*** Data to process ***

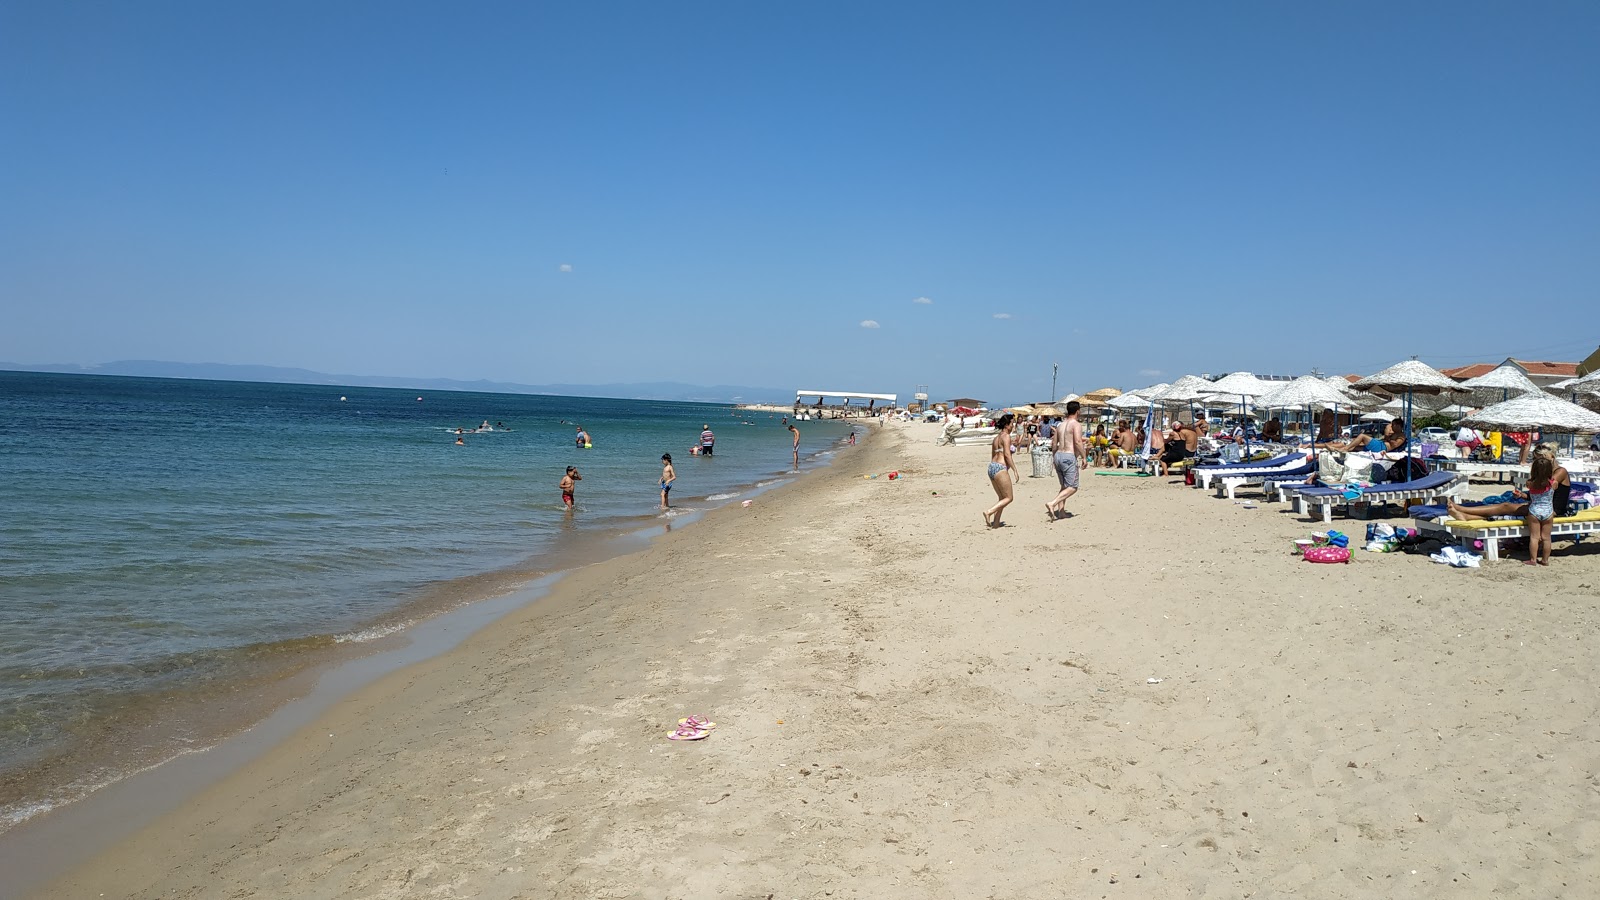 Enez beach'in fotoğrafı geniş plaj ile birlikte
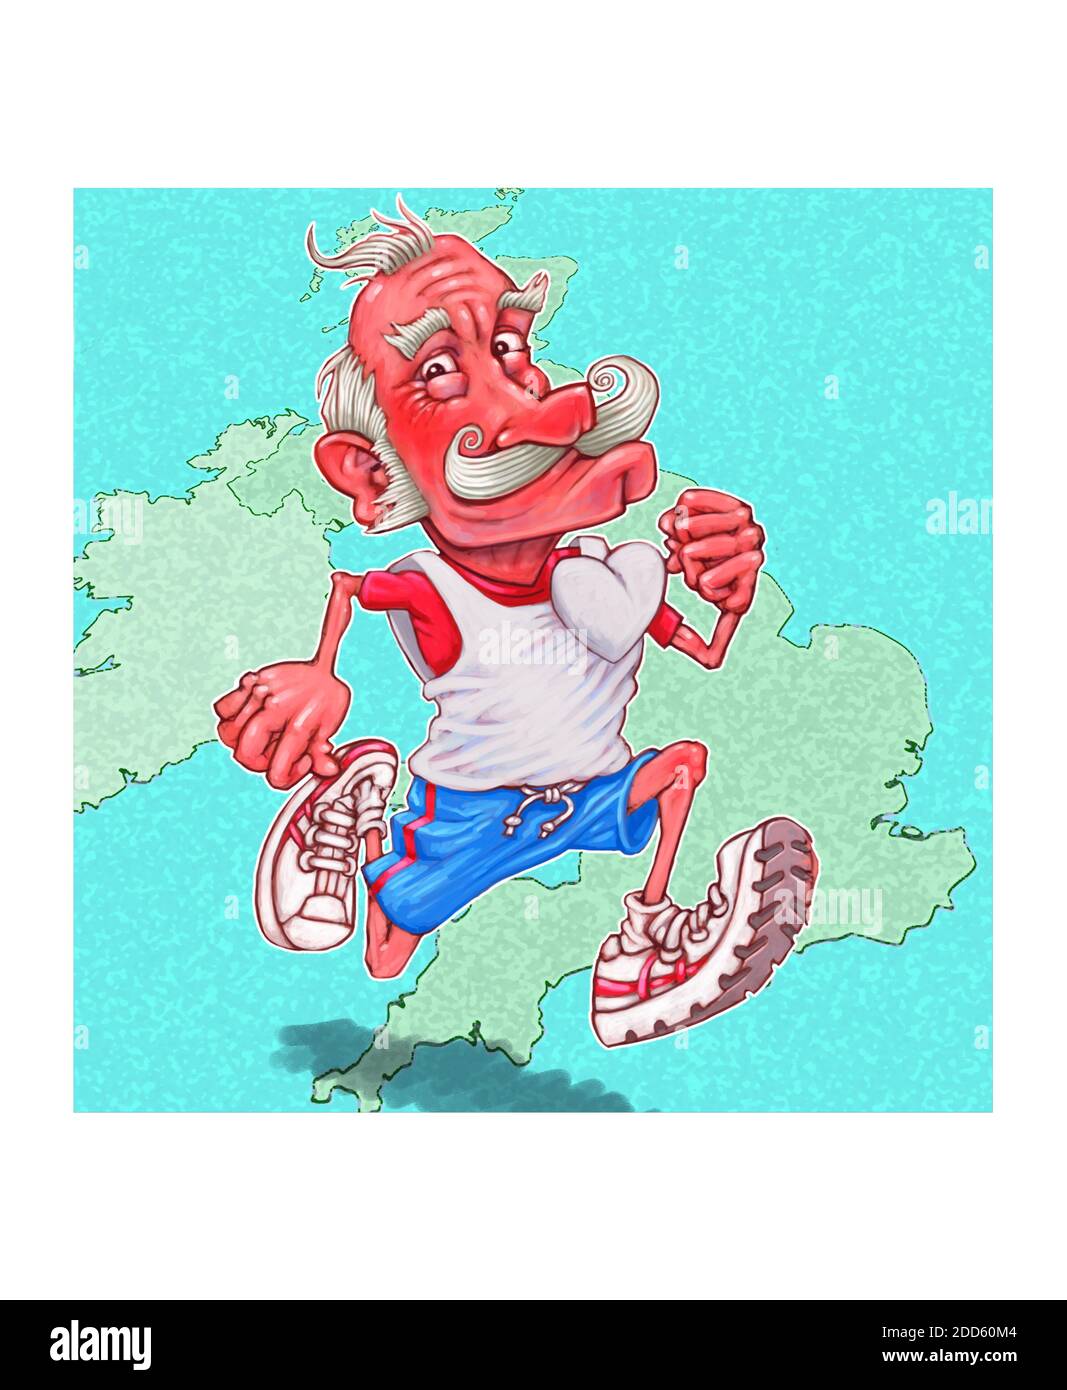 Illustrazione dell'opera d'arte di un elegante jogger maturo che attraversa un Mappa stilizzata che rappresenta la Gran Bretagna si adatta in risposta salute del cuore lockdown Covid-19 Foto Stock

*** End of Data to process ***
*** Data to process ***

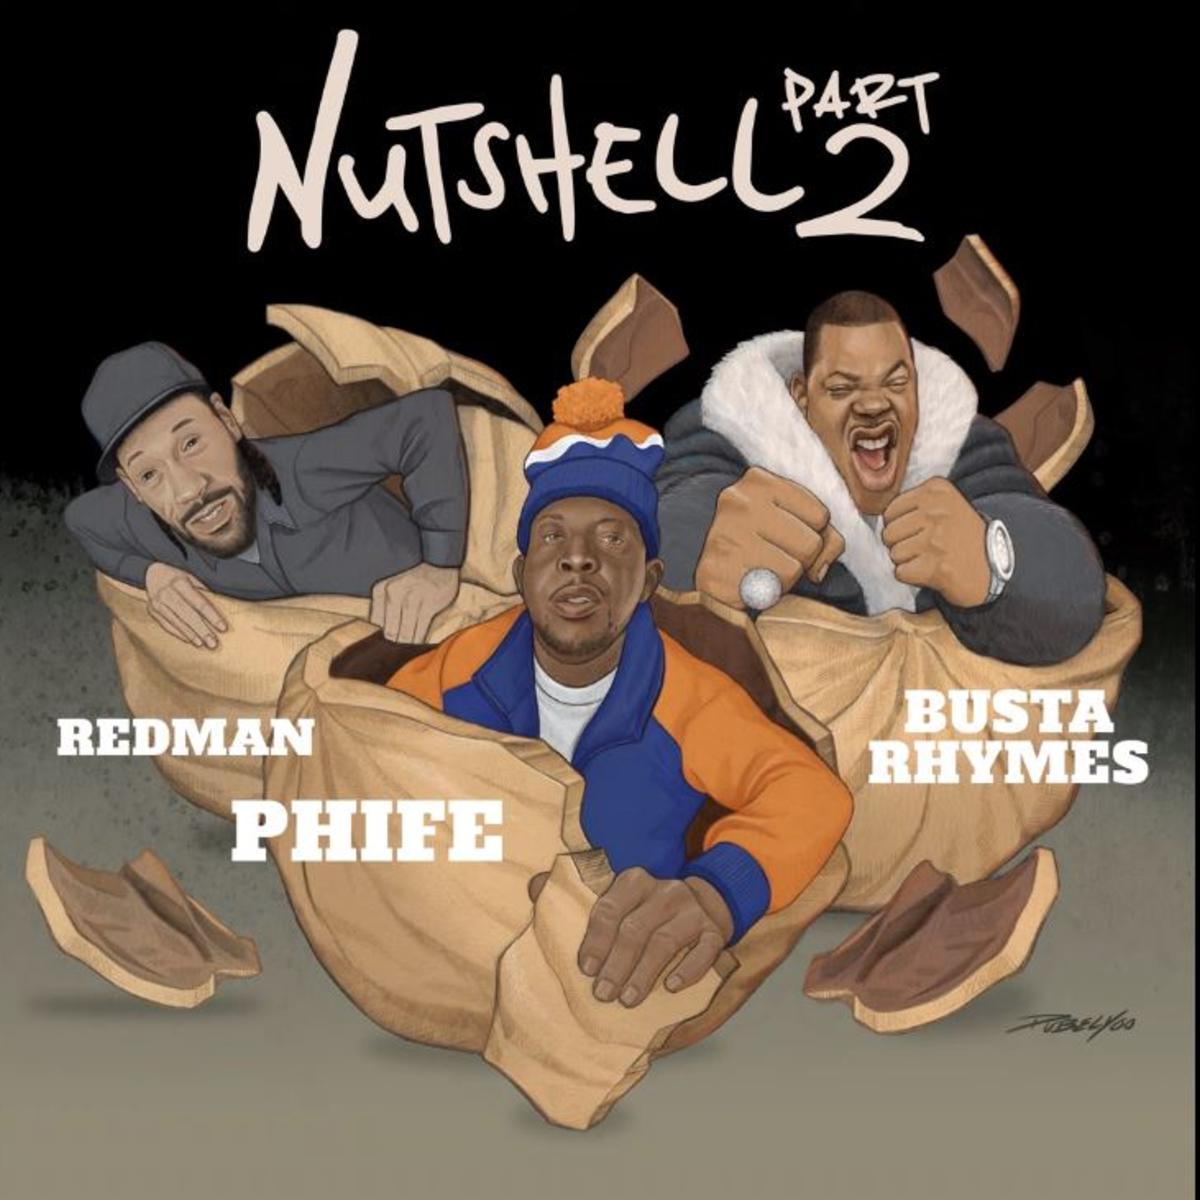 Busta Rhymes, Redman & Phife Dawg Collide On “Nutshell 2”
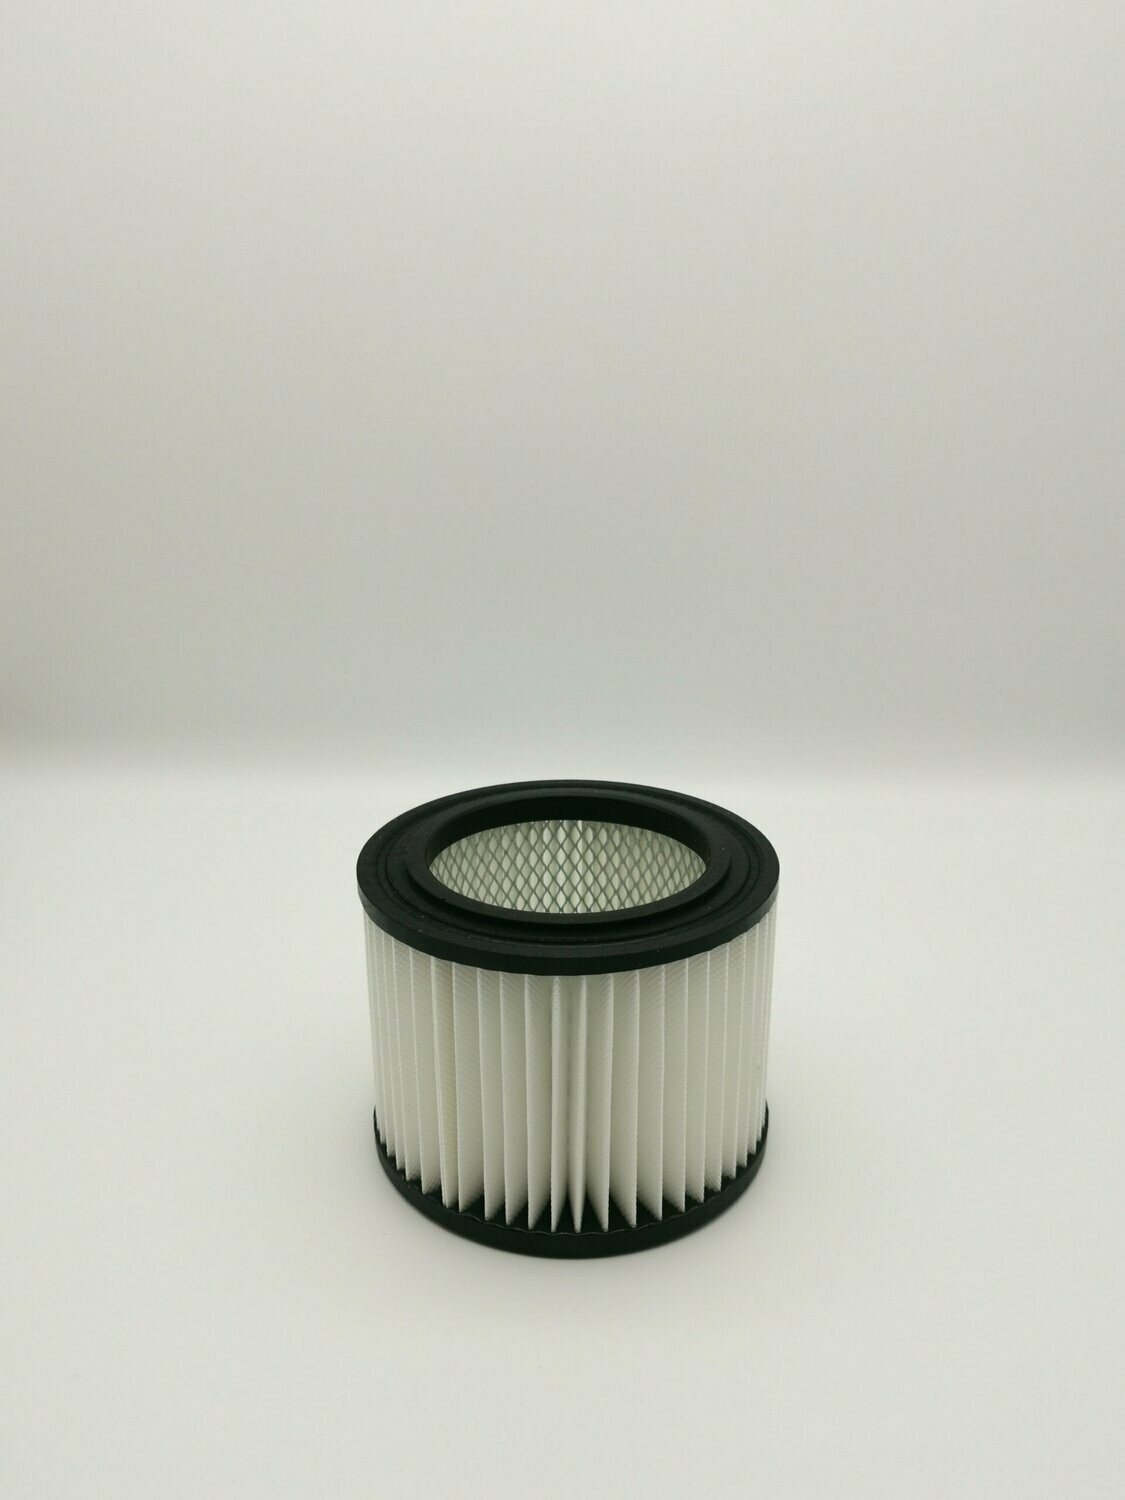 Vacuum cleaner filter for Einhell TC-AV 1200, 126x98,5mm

*** End of Data to process ***
*** Data to process ***

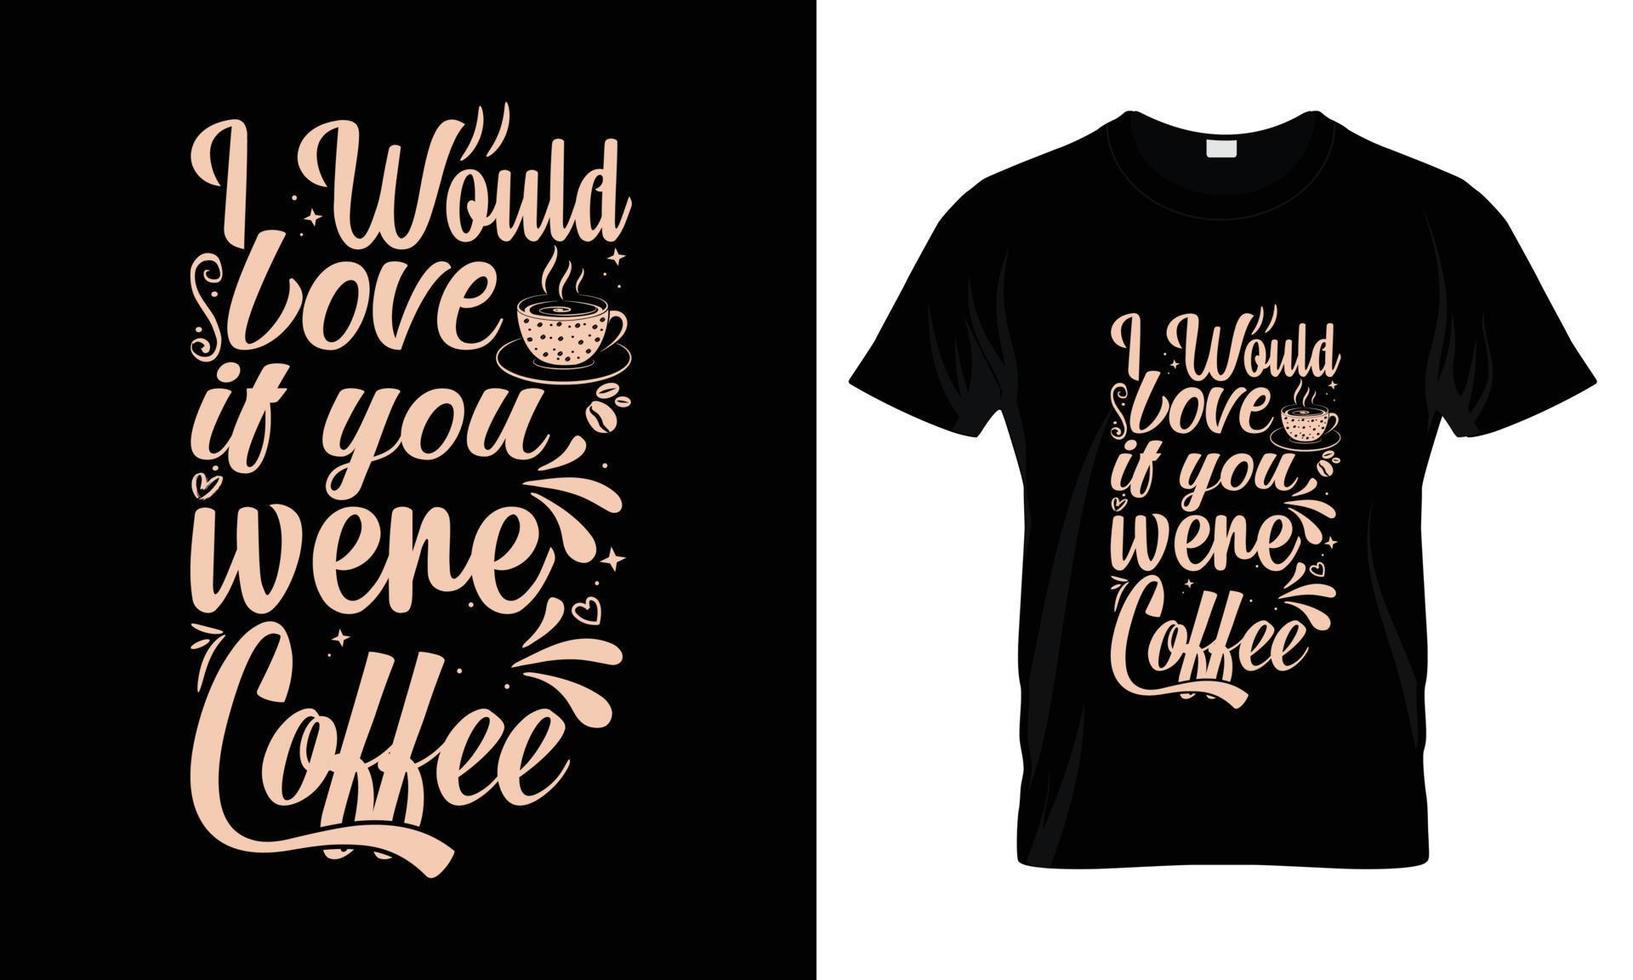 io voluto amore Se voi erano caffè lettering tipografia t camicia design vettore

*** End of Data to process ***

Above are some records; quote exactly and only the lines that begin at the line containing "Enez beach'in fotoğrafı" and stop after the line containing "Illustrazione dell'opera d'arte", leaving out the pictures.

* **Answer section**
 Enez beach'in fotoğrafı geniş plaj ile birlikte
 Illustrazione dell'opera d'arte di un elegante jogger maturo che attraversa un Mappa stilizzata che rappresenta la Gran Bretagna si adatta in risposta salute del cuore lockdown Covid-19 Foto Stock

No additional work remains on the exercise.